Alguém poderia argumentar que eles vão além da ideia de institucionalização da arte, mas isso só é parcialmente verdade. É verdade porque o caráter efêmero do grafite é uma superação do princípio de durabilidade das obras, o que sequer os readymades haviam superado. Esse é um aspecto importante, que vincula formalmente o grafite às pichações, mas não os vincula mais do que aos happenings, por exemplo.

Não é inteiramente verdade, porém, porque antes de promover este avanço o grafite dá um passo para trás e recupera o ideal de uma arte geradora de experiências estéticas que modificam a nossa percepção comum dos objetos. Nesse aspecto, o grafite e as pichações já se mostram fatalmente distintos. Ainda que alguém considerasse que um prédio, muro ou escultura pichados são experiências estéticas oferecidas aos transeuntes, ele não seria capaz de provar que a pichação pode romper com a percepção comum da cidade. Pelo contrário, as pichações aprofundam a experiência da cidade como ruína e destruição, banalizando-se rapidamente. Os grafites, por sua vez, são capazes de criar pequenos novos mundos.

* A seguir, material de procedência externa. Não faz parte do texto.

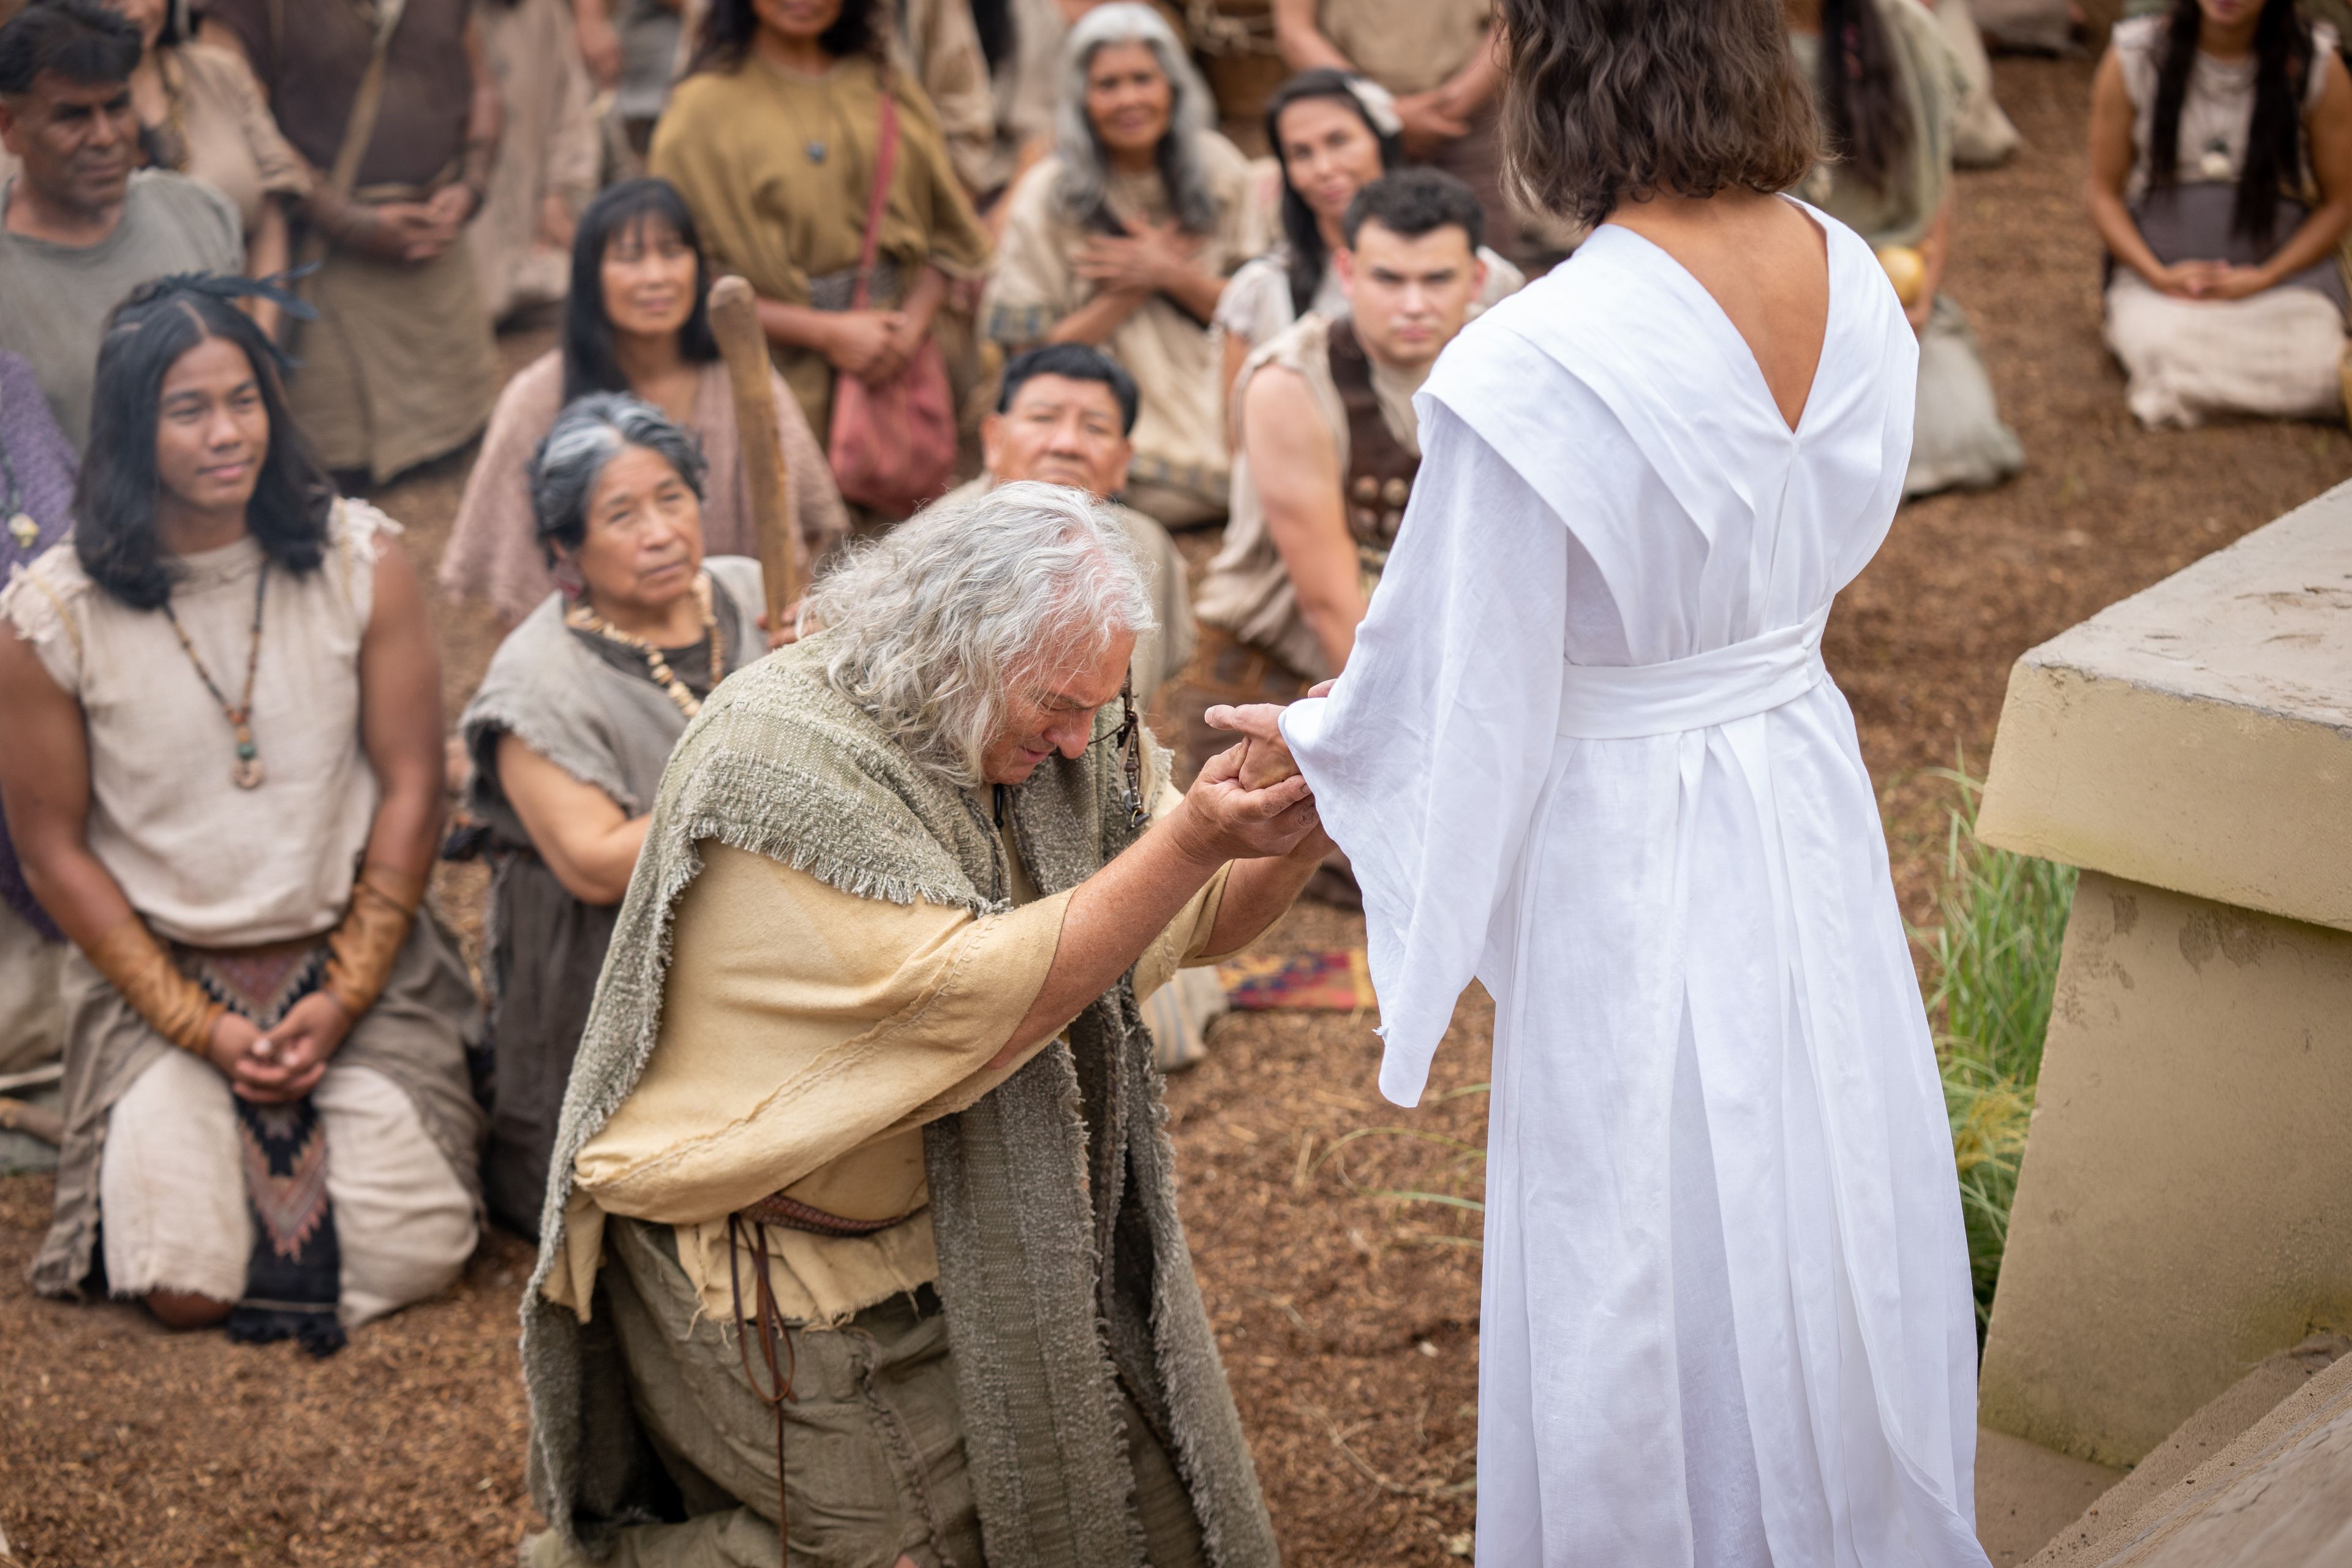 Jesus Christ comes to the Nephites. Nephi, son of Nephi, kneels before the Savior.

Mais que a falta de similaridade entre um muro grafitado e um muro pichado, contudo, a pichação carece de critérios de reconhecimento que lhe assegurem um lugar na história da arte, o que não falta ao grafite. Alguns dos grafites de São Paulo de que mais gostei de apreciar empregaram com maestria as cores primárias, mesmo que não as tivessem colocado em uma tela, como Mondrian; outros me lembraram de Picasso ao expressar uma humanidade fragmentada e horrenda, mesmo que tenham ficado longe de consegui-lo com a mesma qualidade e consciência formal de Guernica.

A efemeridade da pichação, quando a aceitamos como uma forma de política, não vai além de um gesto imaturo que rejeita a estética no momento em que muitos já o fizeram com mais inteligência. Por isso, é um gesto condenado ao esquecimento, como o são aqueles erros cometidos na rebeldia da juventude. A efemeridade do grafite, ao contrário, é uma promessa de que a cidade pode ser diferente, conservando o caráter utópico que animou muitas das vanguardas do século XX. A sua resistência na memória atesta que o ato de apagá-lo também é uma realização da sua essência. Theodor Adorno intuiu corretamente que as obras viriam a ser fogos de artifício.

O grafite, em aspectos significativos, pertence à família da arte moderna. A sua negação não é o muro “doriano”, mas sim o muro duchampiano; não é um muro pintado de cinza, mas sim um muro colocado dentro de uma galeria.